Original post made
on Nov 3, 2007
Stacey is my wonderful mommy! When she was around, it really felt like she was god, always waching over me. She understude everything about me, and how I felt, even though she wasn't me! She was just so incredible, I can't even explain it in words!
Eva Solnick her 12 year old daughter
Eva, I am very sorry about your Mom.
Stacey was my teacher, my employer, my cheerleader, my sounding board and confidant, my inspiration and my friend. She looked out for me and believed in me when no one else did. It was solely because of her that I went into teaching young children.
Her devotion to Aaron, Eva and Noah was profoundly moving.
Her voice haunts me even today when I play with the toddlers in my classroom and I hear my own voice hit a pattern of inflection I have heard nowhere else and realize that, even though I'm not family, a part of her will follow me for the rest of my life. Stacey was a beautiful person and I miss her.
Hélas what saddening news I have come upon of late - 12 july 2014
by chance? I don't think Stace would have said it was any more than me.
Stacey was a great love of my life in our early twenties.
Glad to she became a mom, a wife, and well, a great community member.
Could she have been anything else?
Having met her at Stanford in 1977-78 as an undergrad (hope my dates are right), we shared a lot together. I knew briefly her parents, we lived more or less together but she was finishing her studies. Then things diverged and she went off to L.A. and me to europe.
She taught me to appreciate life through dance. She took me to dance concerts of the day, and I discovered much that I would never have know had she not been in my life.
We shared music, literature and humanitarian and spiritual interests ... as well as our love...
Later, drifting apart after a 4 year relationship, I had to let her go to go on. She started new things and built a life.
But I never forgot her -- who could !!! ?
I once tuned in to MTV on the TV and there she was in a David Bowie clip -- zooming across the staged scene.
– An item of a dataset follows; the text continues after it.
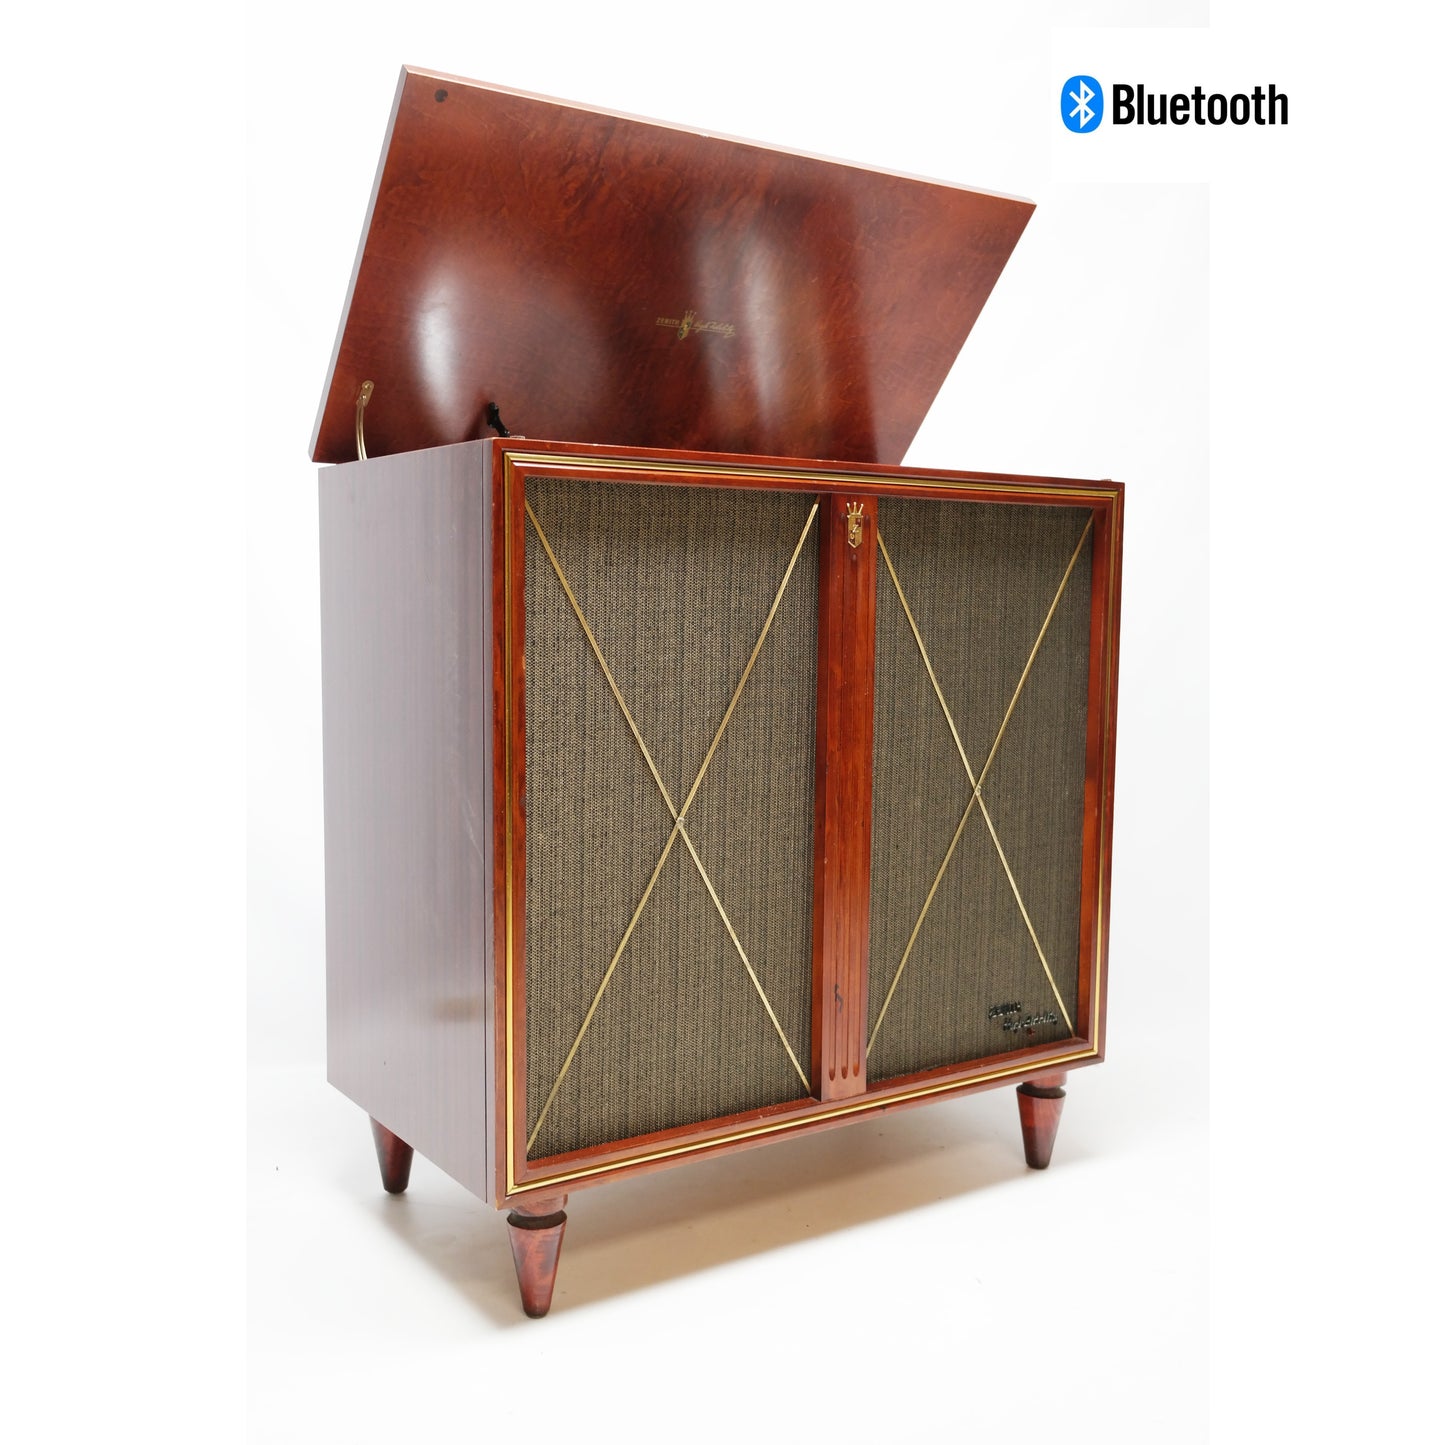 **SOLD OUT** ZENITH High Fidelity Console Record Player Changer - Bluetooth The Vintedge Co.

I was so happy for her, so amazed she had managed that.
With the internet today we can get so amazed and have our heart broken.
This news is a case of the latter and I shed many tears even learning of her passing 8 years after the fact has created a bit of a hole in me.
Hélas, we all go on and I hope to see here again someday somewhere else over the rainbow ;)
Long live Stacey
wherever you are
Hope to those who have had the chance to spend years with you
You gave them one of life's great gifts
Take little sister wherever you are !!!